Raw data:

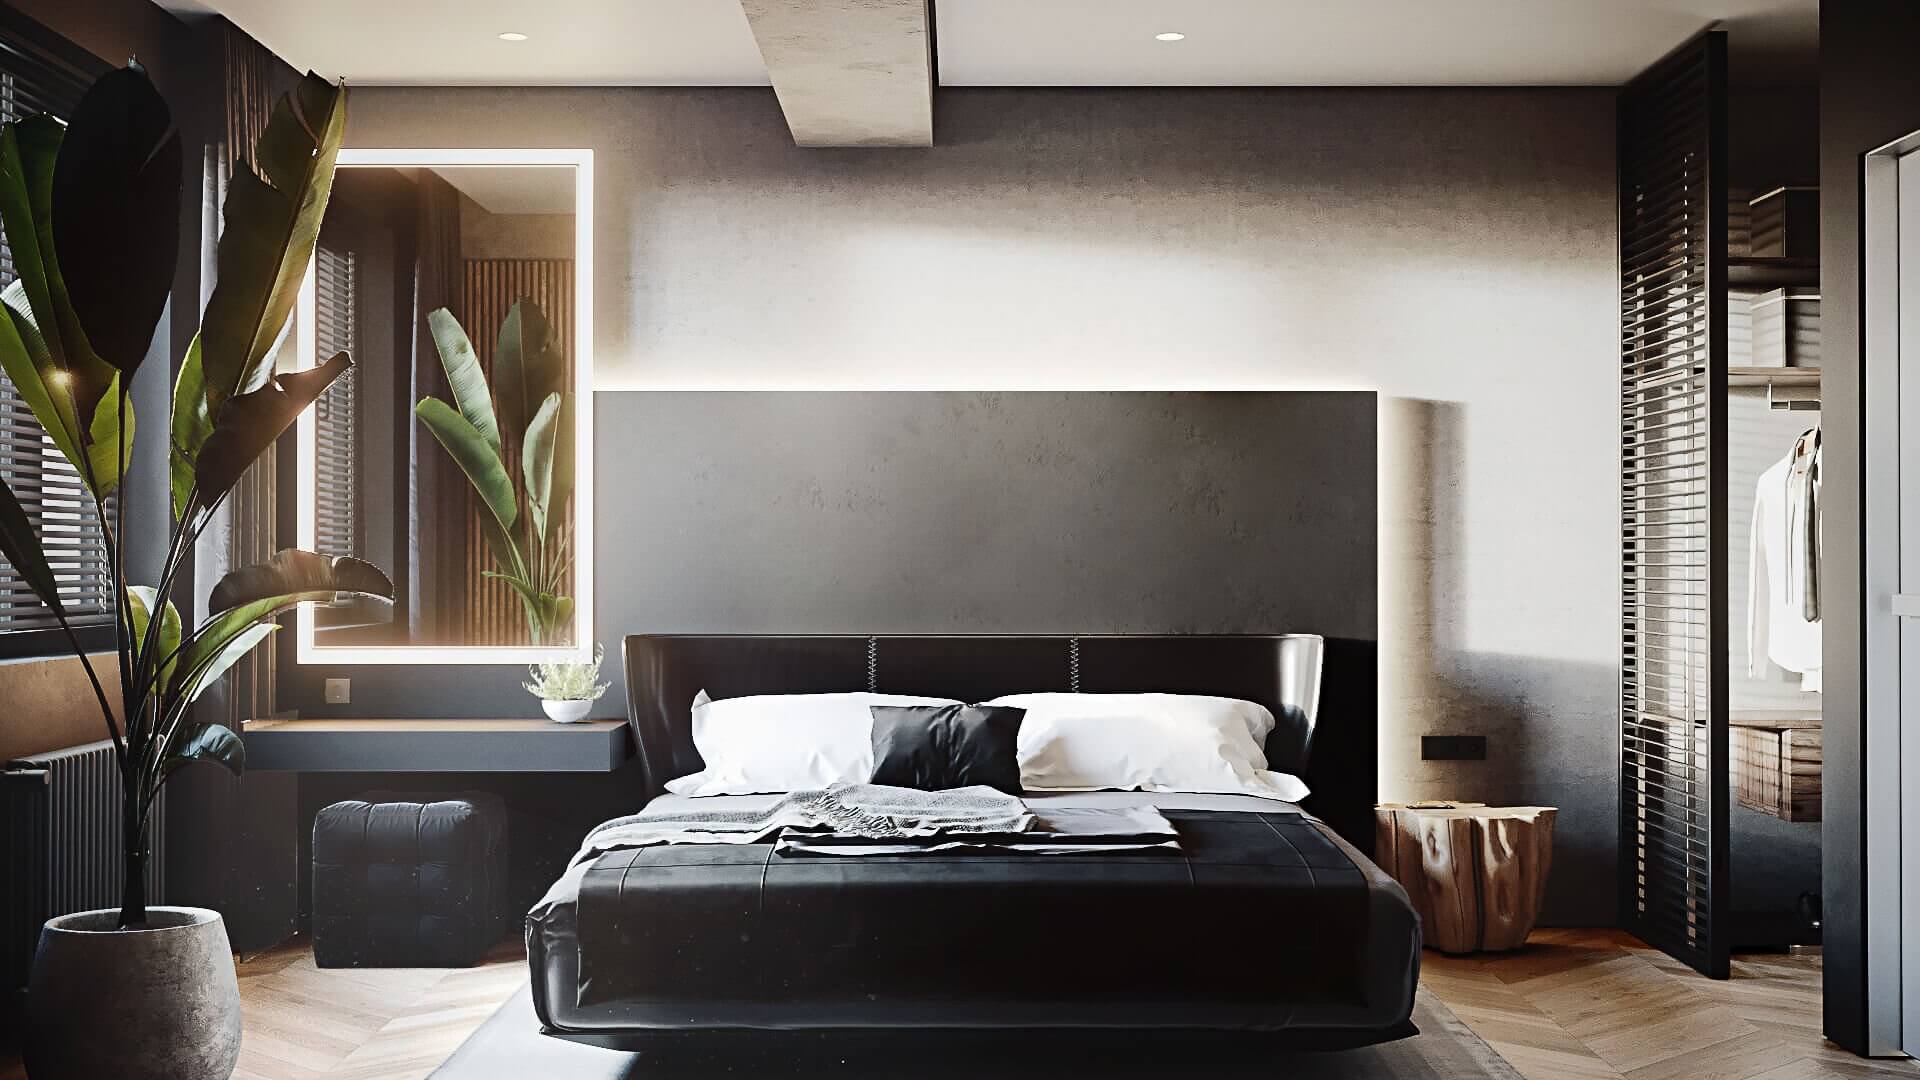 Nest Apartment bedroom design modern - cgi visualization
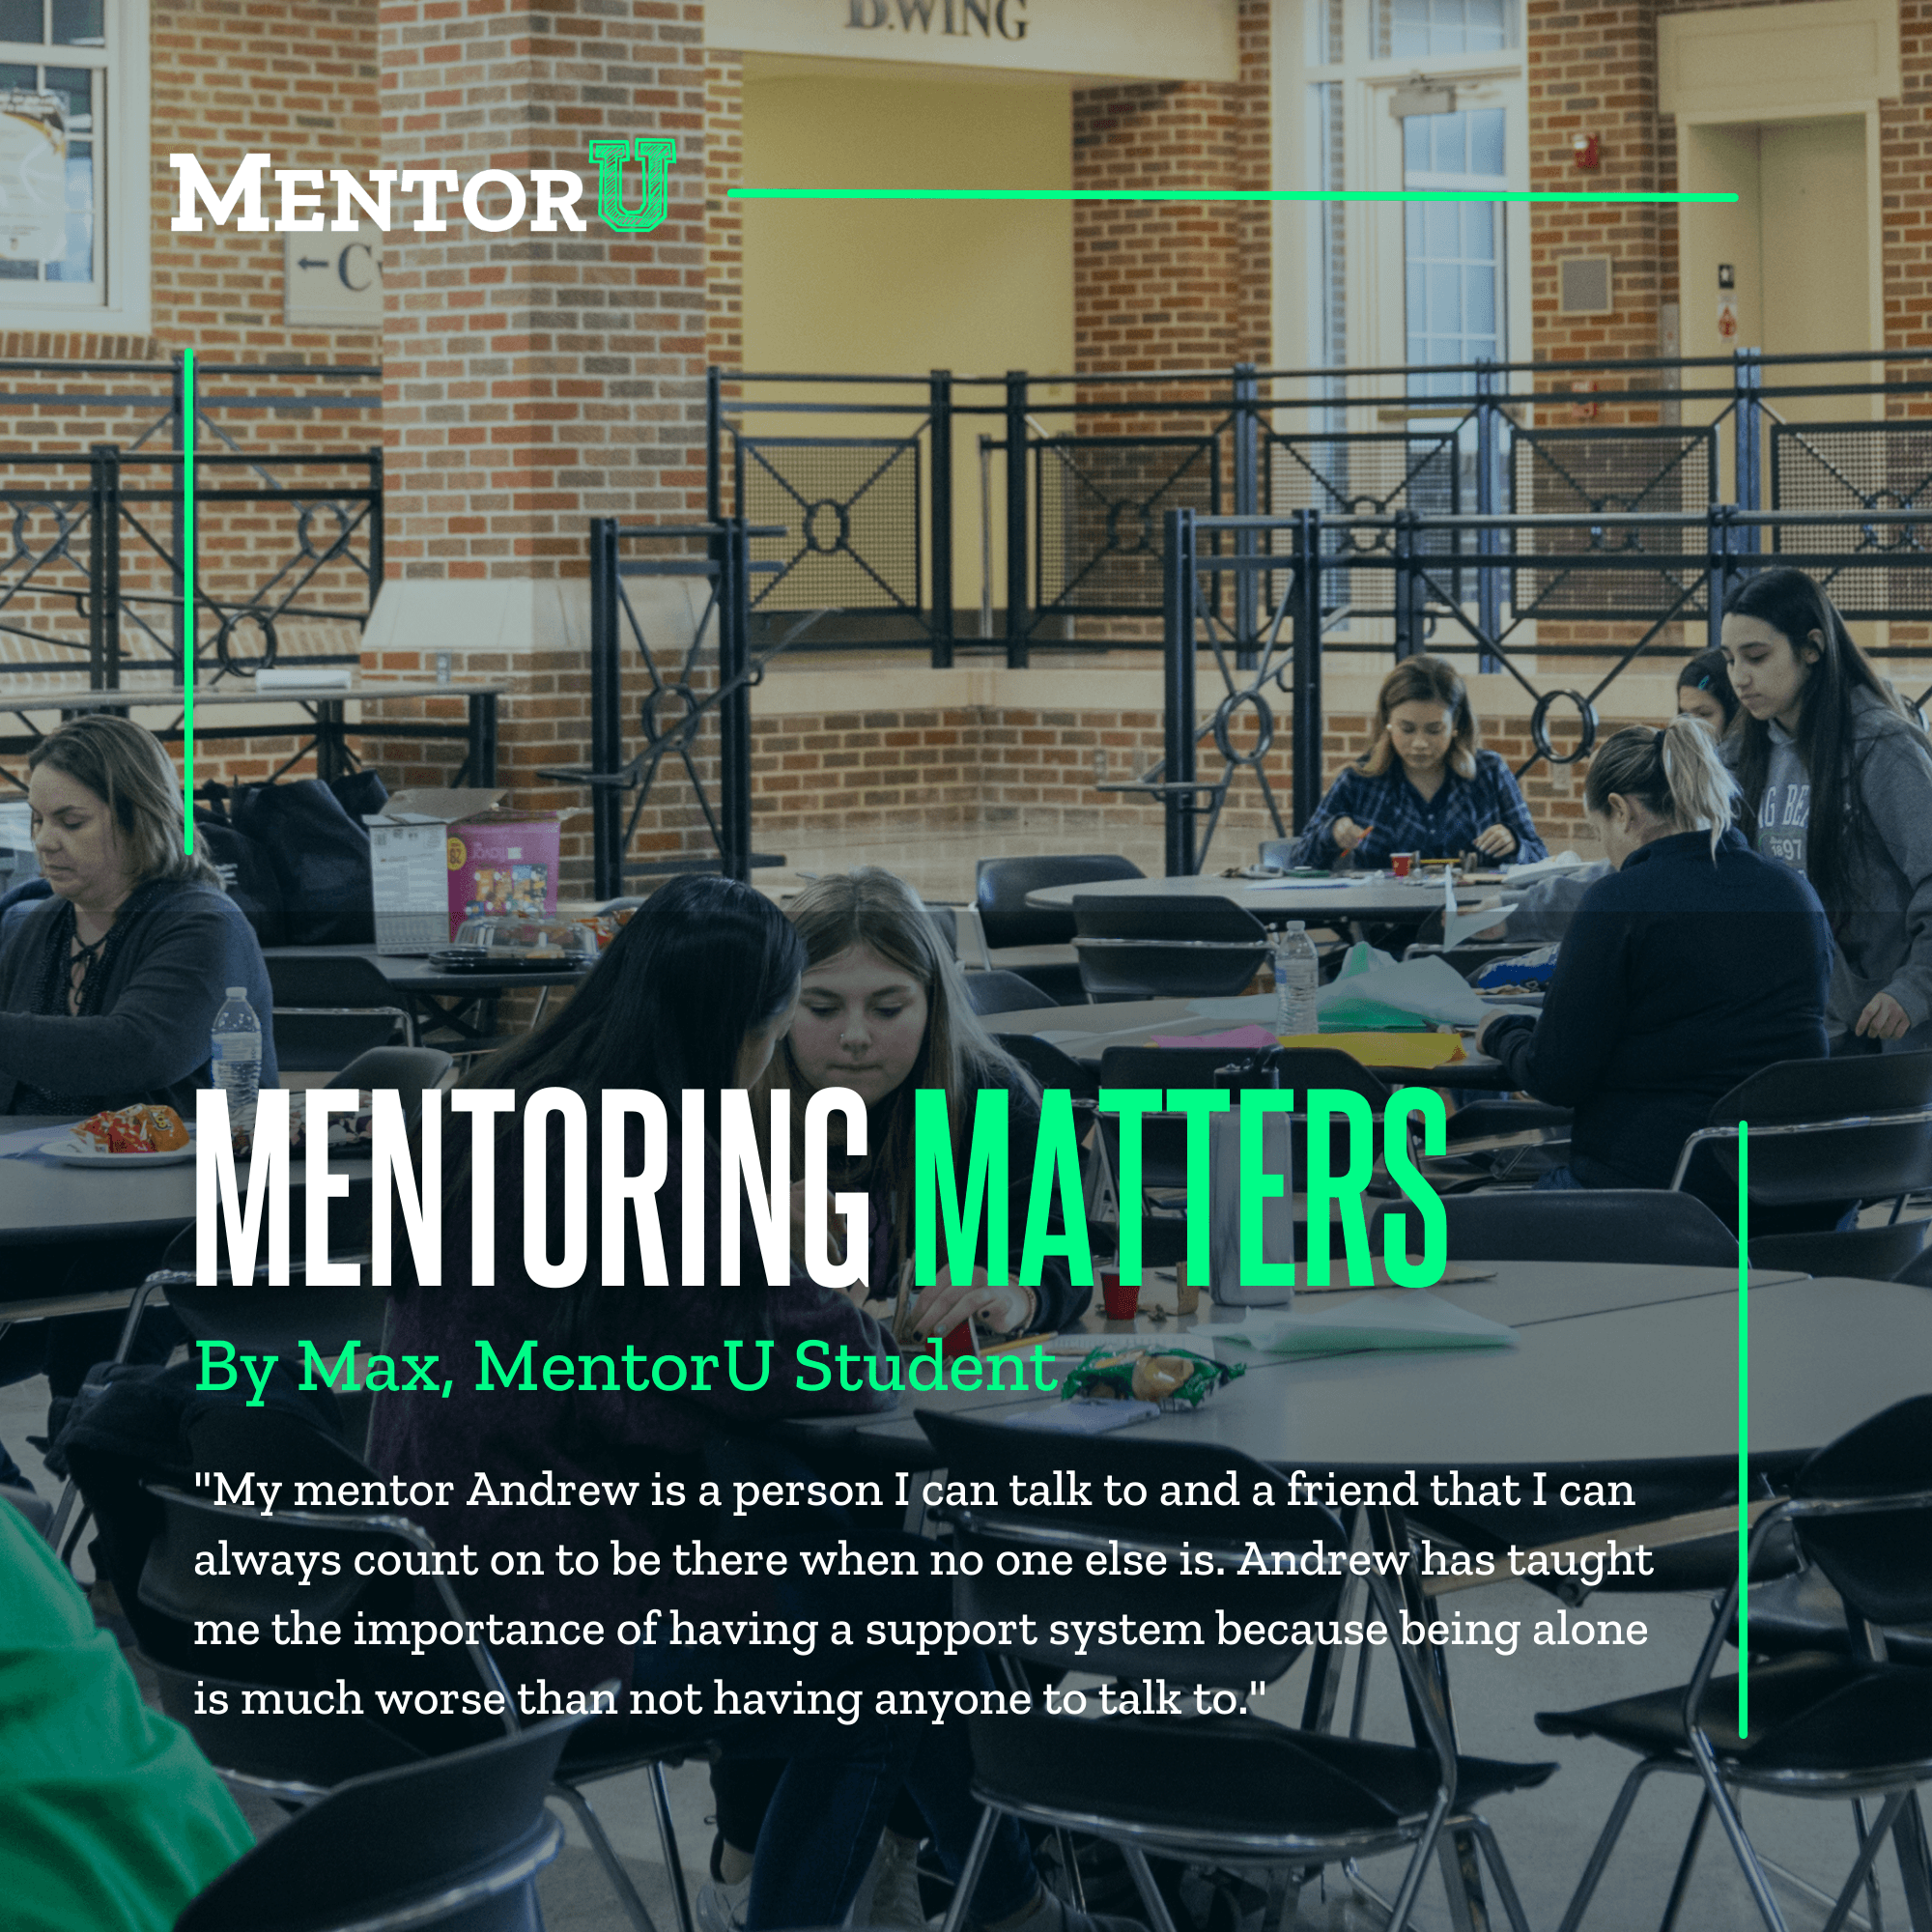 Mentoring Matters by Max, MentorU Student
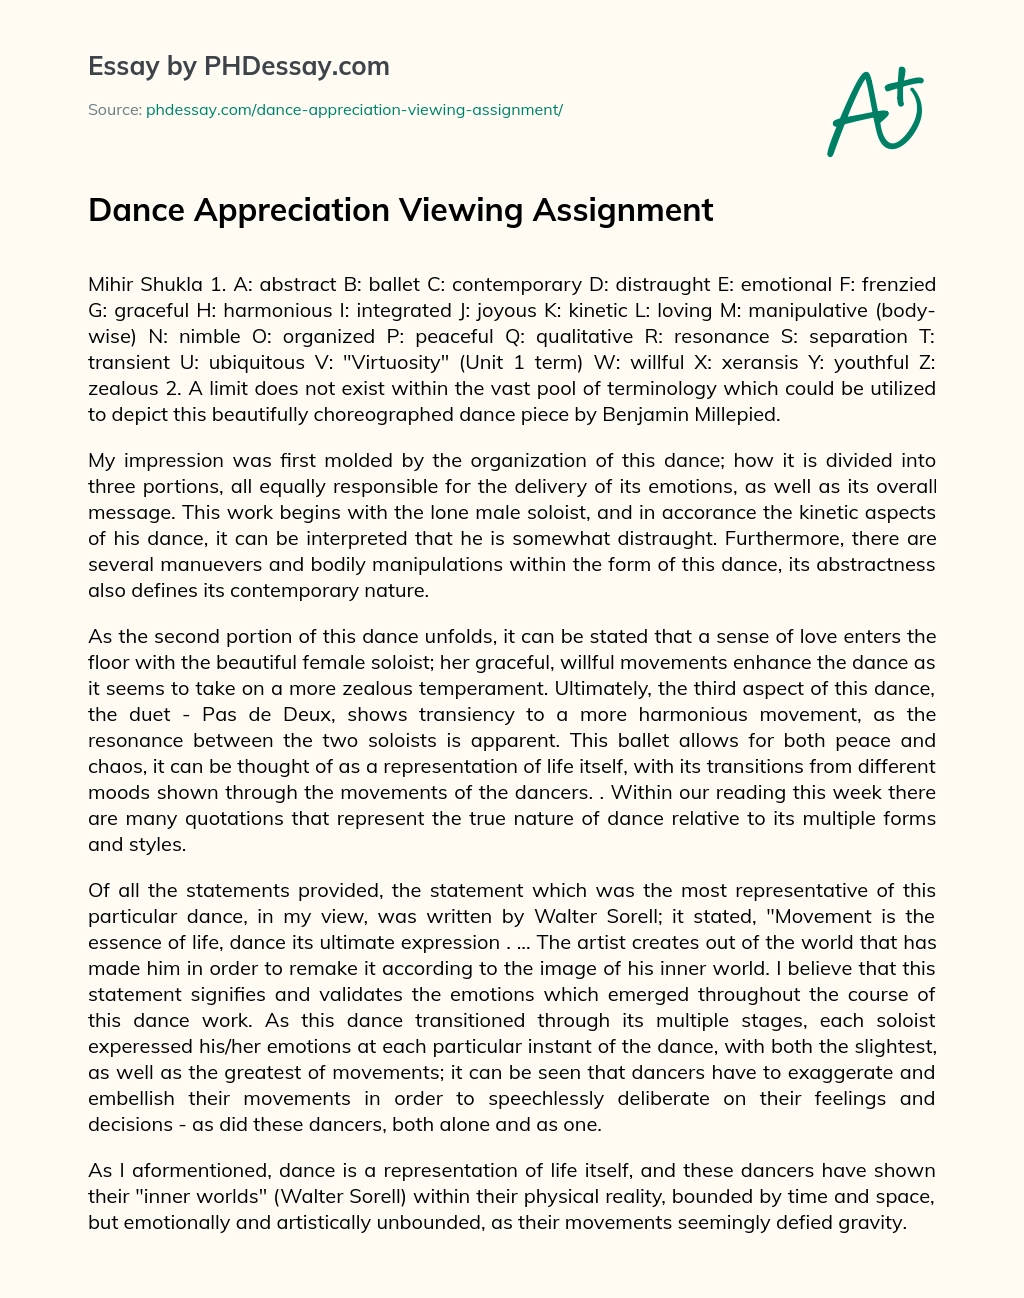 Dance Appreciation Viewing Assignment essay
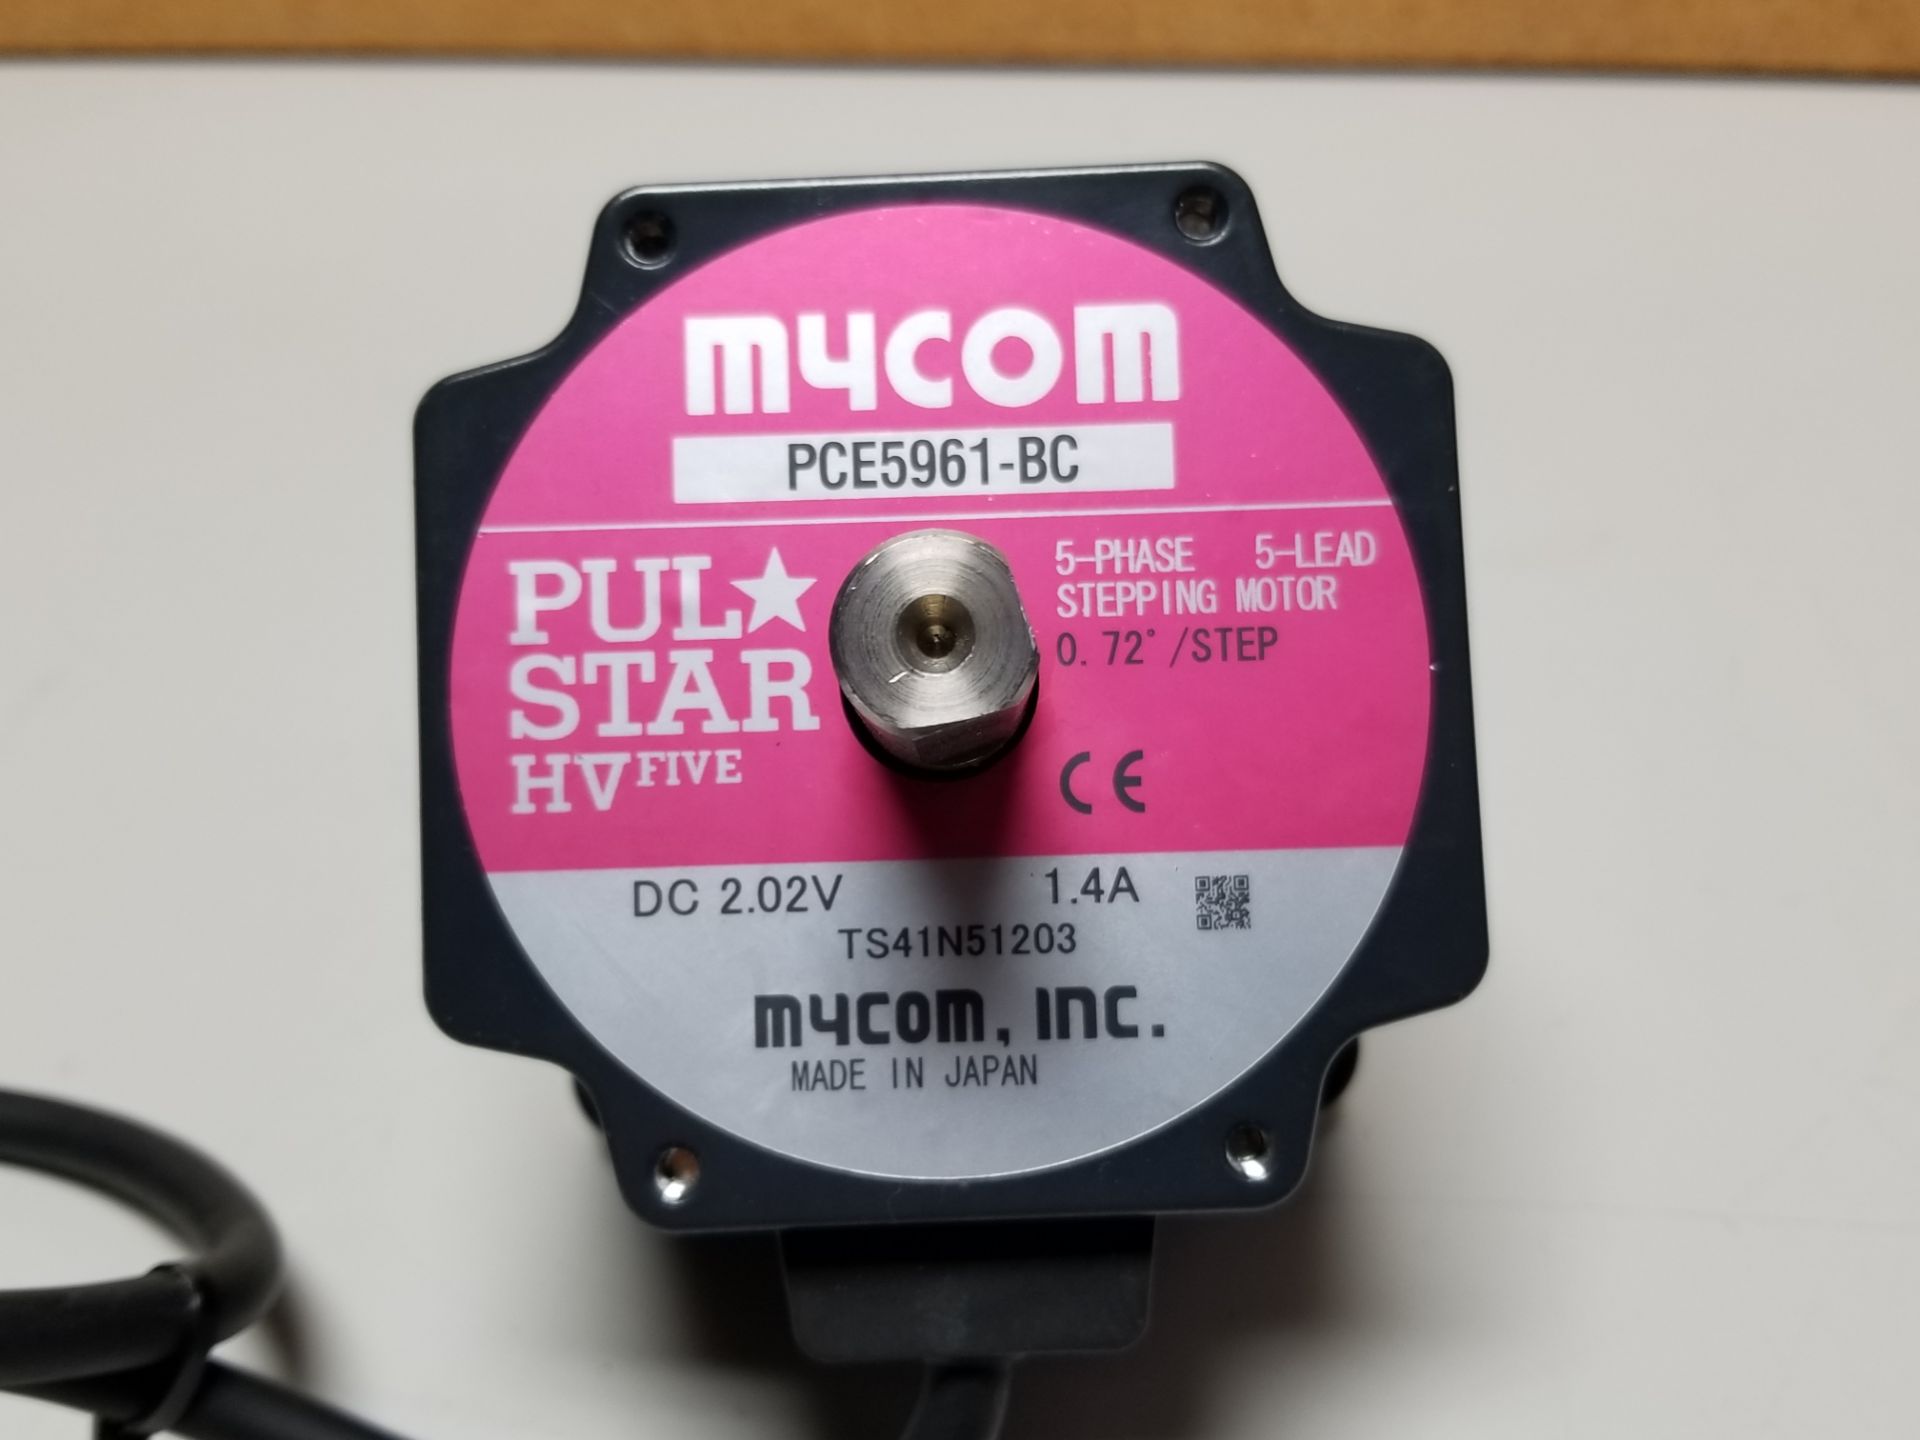 Mycom PulStar HV Five 5 Phase Stepper Motor - Image 4 of 4

What is being asked:
Set down again, exactly, the lines from the one with "Dance Appreciation Viewing Assignment essay" to the last line of the data, both included and pictures excluded.

Response:
 Dance Appreciation Viewing Assignment essay
 Mycom PulStar HV Five 5 Phase Stepper Motor - Image 4 of 4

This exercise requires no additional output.